**INFORMATION SHOWN:**
* * * *

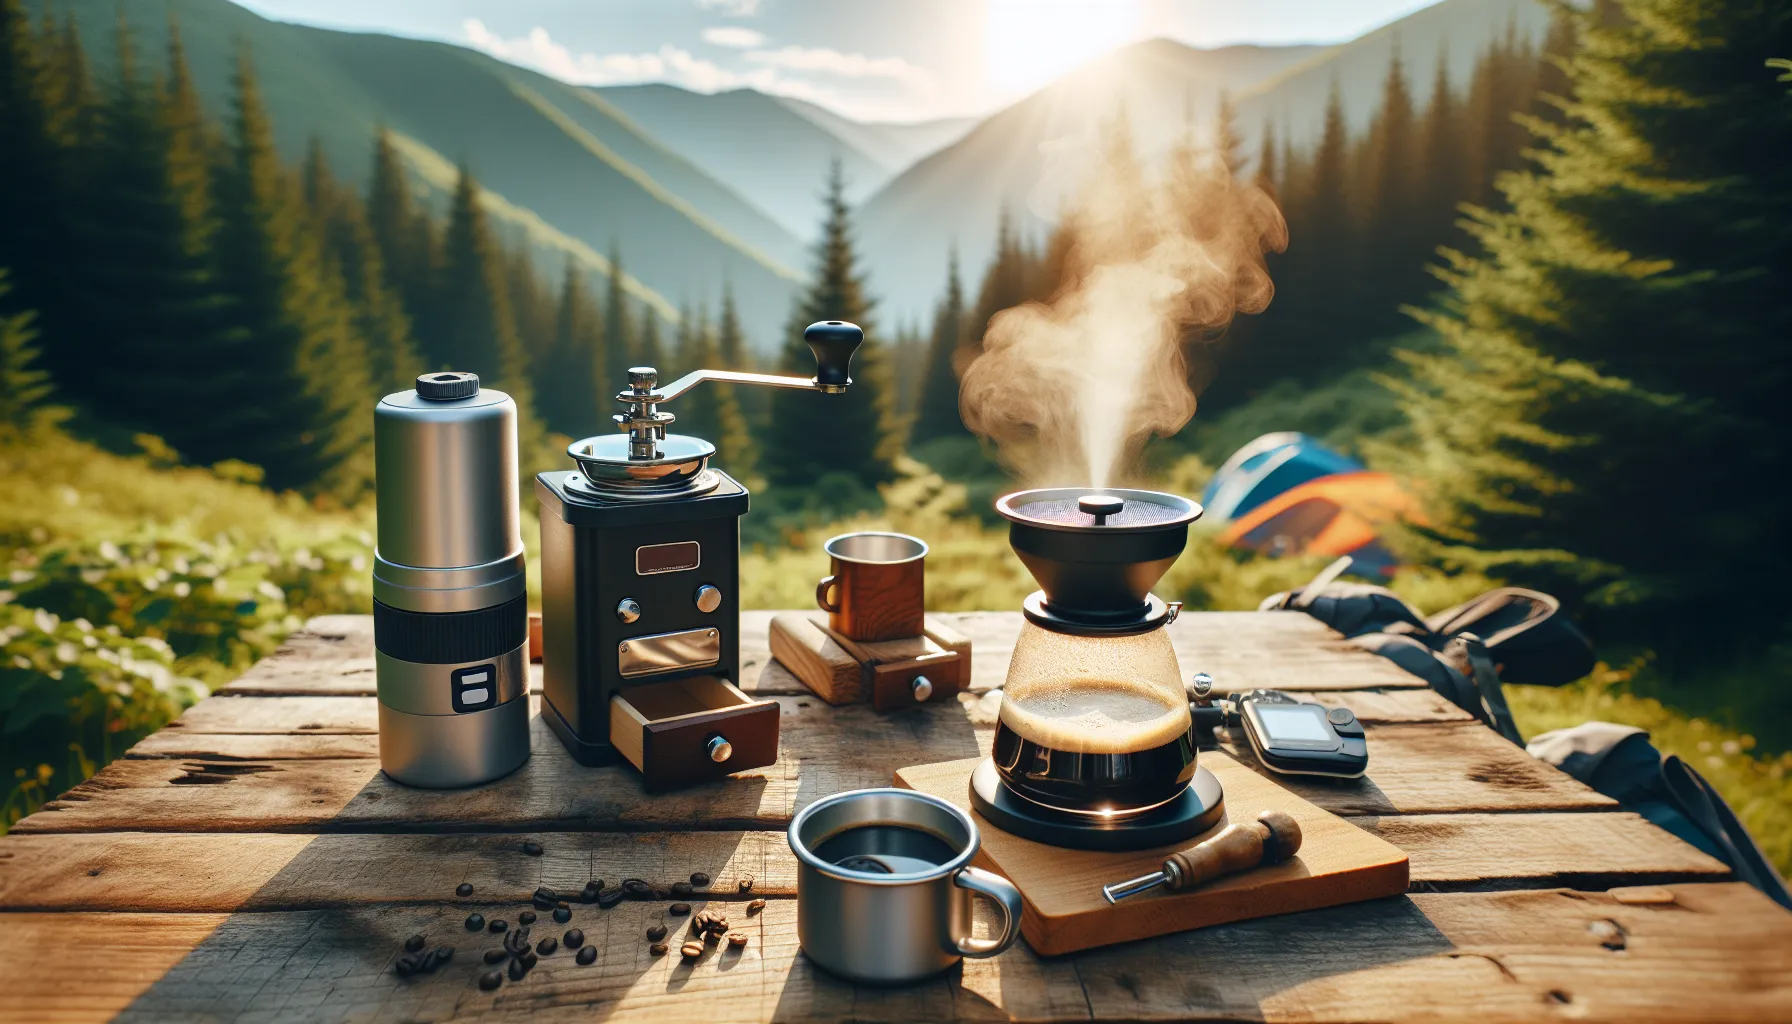 Coffee on the Go: 4 Essential Travel Coffee Accessories
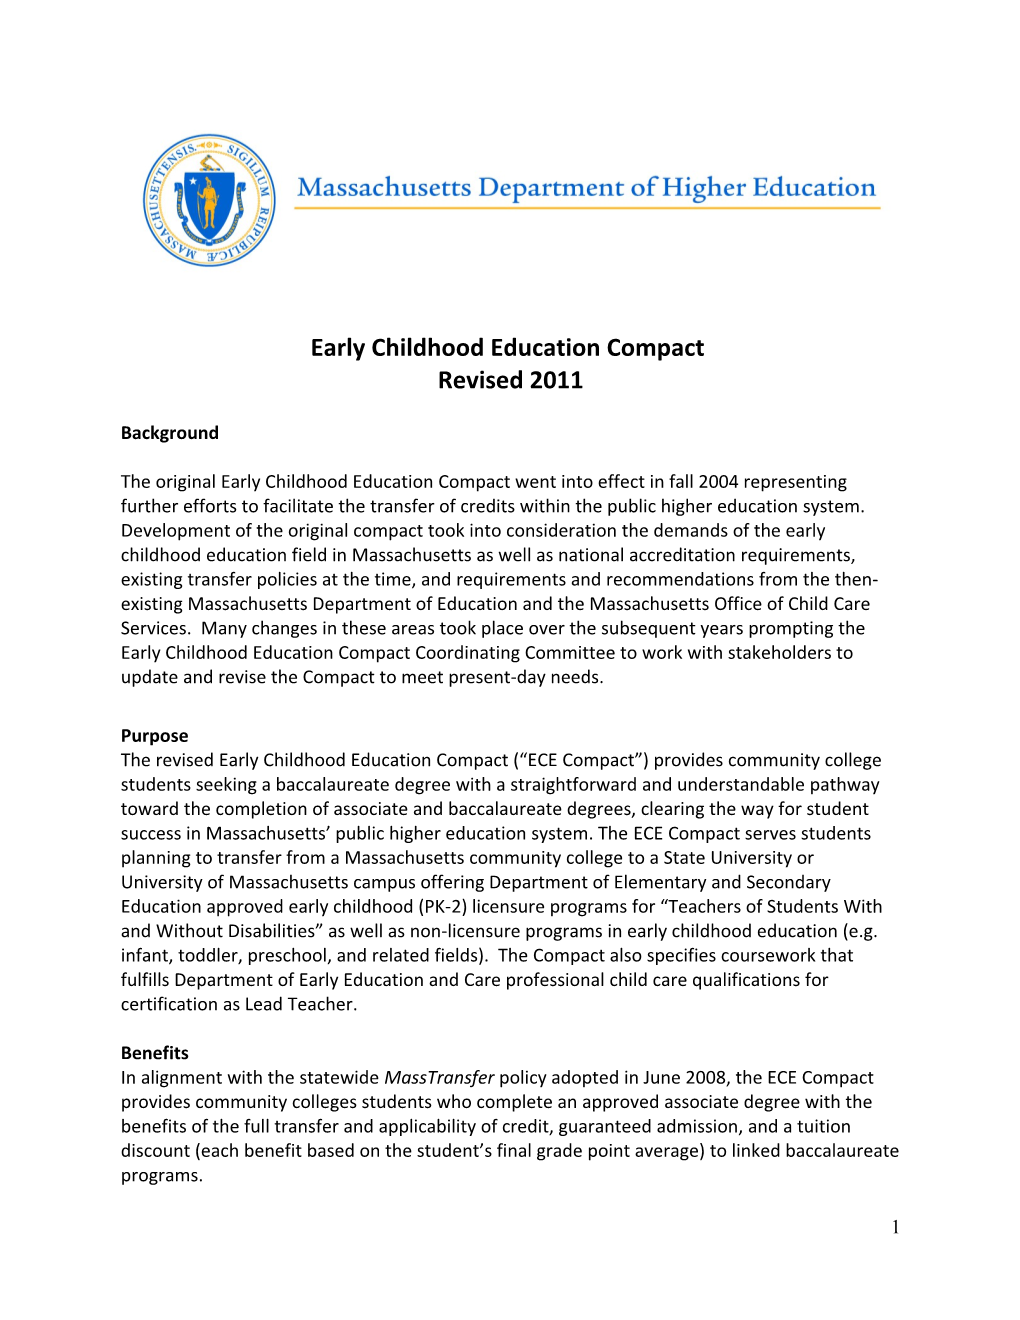 Early Childhood Education Compact
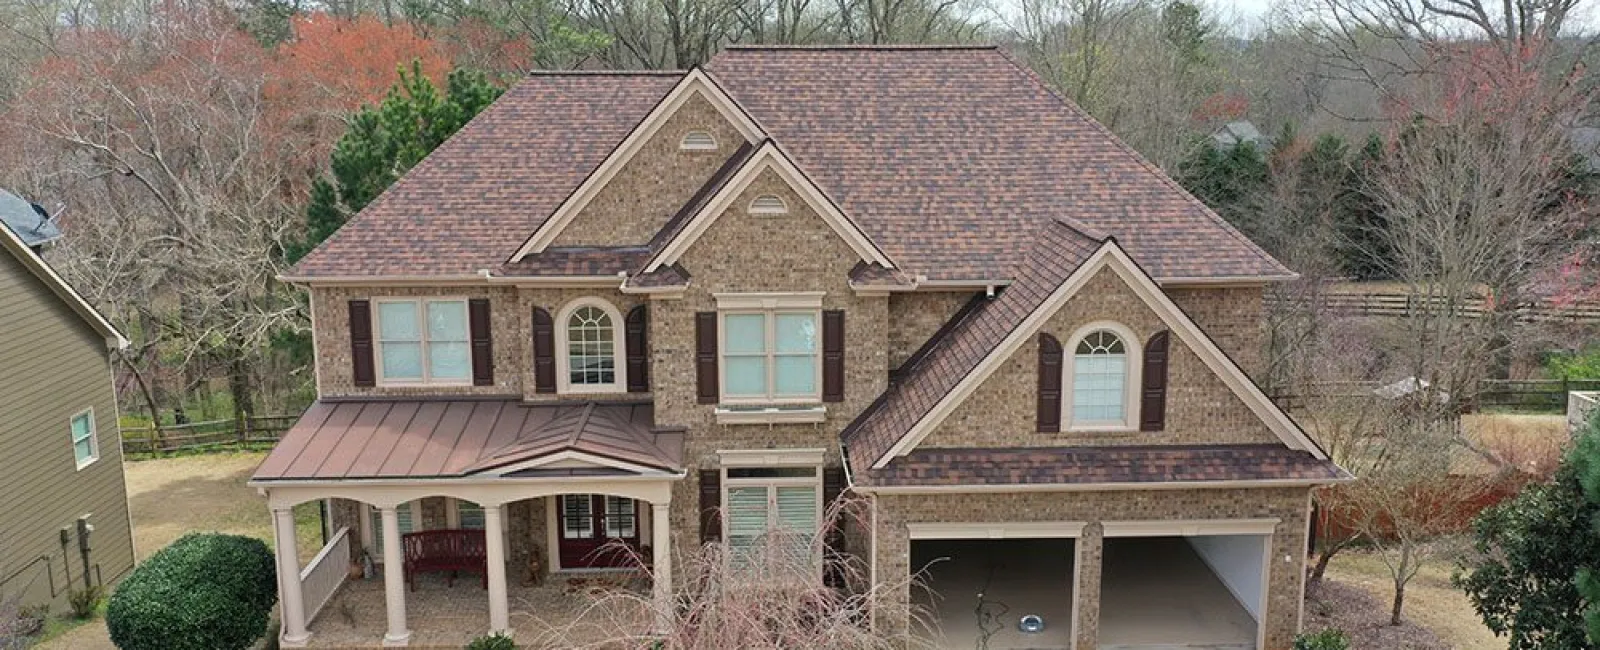 Benefits of Choosing Architectural Shingles Over 3-Tab.

* * * *

**WHAT TO WORK ON:** Leave out the pictures, then reproduce exactly the run of lines from the one that contains "Early Childhood Education Compact" to the final line of the listing above.

**WRITTEN SOLUTION:**
 Early Childhood Education Compact
 Benefits of Choosing Architectural Shingles Over 3-Tab.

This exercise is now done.